Silvia Federici nació en Parma, Italia, en 1942. En los años sesenta se mudó a Estados Unidos a estudiar Filosofía en la Universidad de Buffalo, y participó en cuatro movimientos que se entrelazaban: el estudiantil, el pacifista, el feminista y el que peleaba por los derechos civiles. Su feminismo es peculiar, ya que se nutre del pensamiento de la autonomía obrera italiana, del pensamiento anticolonial y de su propia experiencia en el feminismo. Con el Colectivo Feminista Internacional impulsó la campaña Wages for Housework (Salario para el Trabajo Doméstico), que rechazaba el trabajo doméstico como destino natural de las mujeres. En el libro Revolución en punto cero: trabajo doméstico, reproducción y luchas feministas (2013) explica que pasó 40 años lidiando con el problema del trabajo reproductivo y rebelándose contra éste, al menos como estaba configurado en el capitalismo. En los años ochenta trabajó como profesora interina en la Universidad de Port Harcourt, en Nigeria, donde atestiguó la instrumentación de las políticas neoliberales y sus efectos “devastadores”, y comenzó a observar los nuevos procesos de colonización y de cercamiento de tierras en todo el mundo.  
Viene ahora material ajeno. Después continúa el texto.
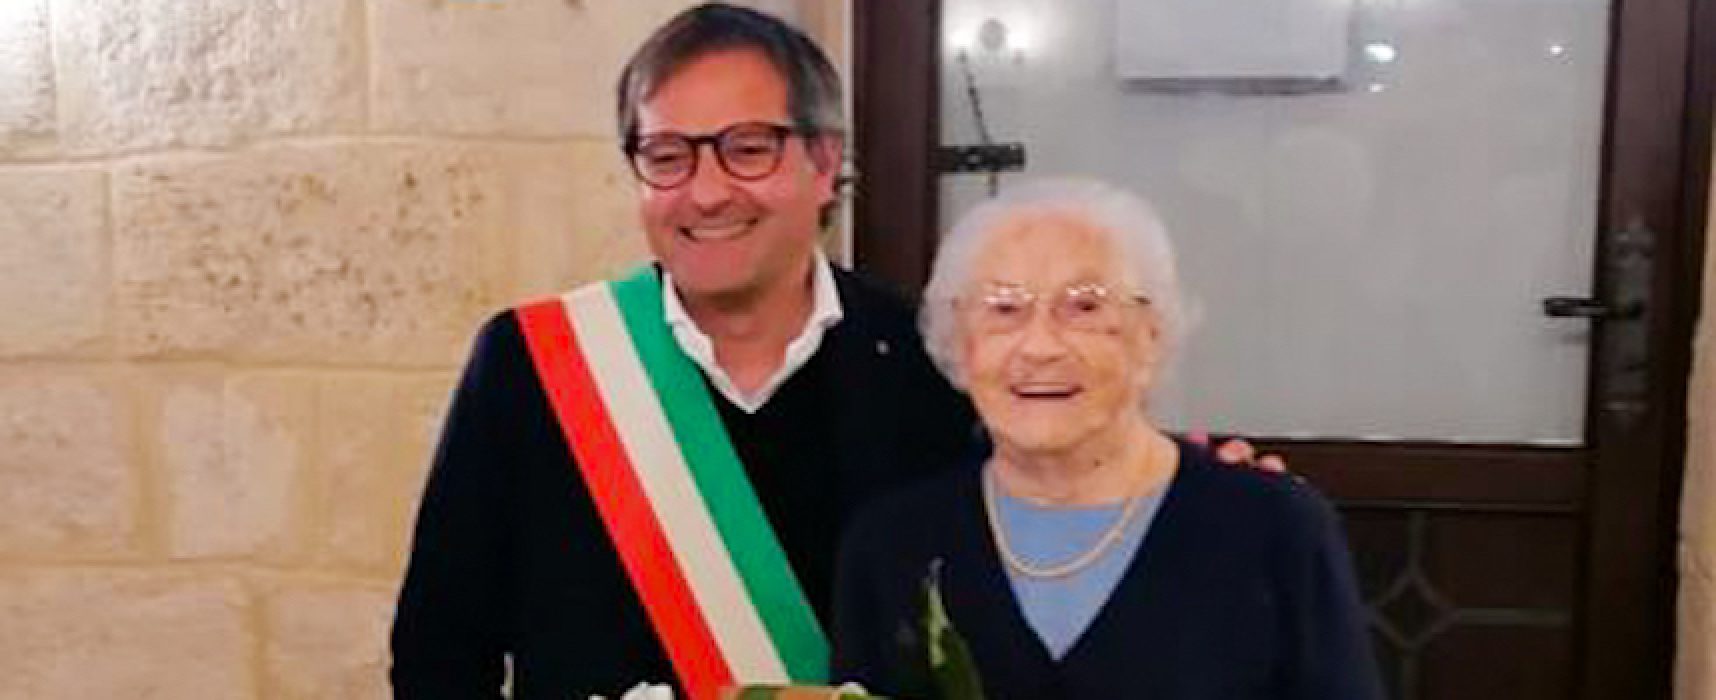 La signora Maria festeggia 100 anni: gli auguri del sindaco Angarano

En África también amplió su atención más allá del trabajo doméstico, a la agricultura de subsistencia, y descubrió la gran fuerza e importancia del acceso de las mujeres a la tierra por ser ésta la base material esencial para sobrevivir. Este vínculo con la tierra es lo que explica también por qué las mujeres han encabezado por años la defensa de los territorios, pues sin la tierra y sin la naturaleza no hay futuro. 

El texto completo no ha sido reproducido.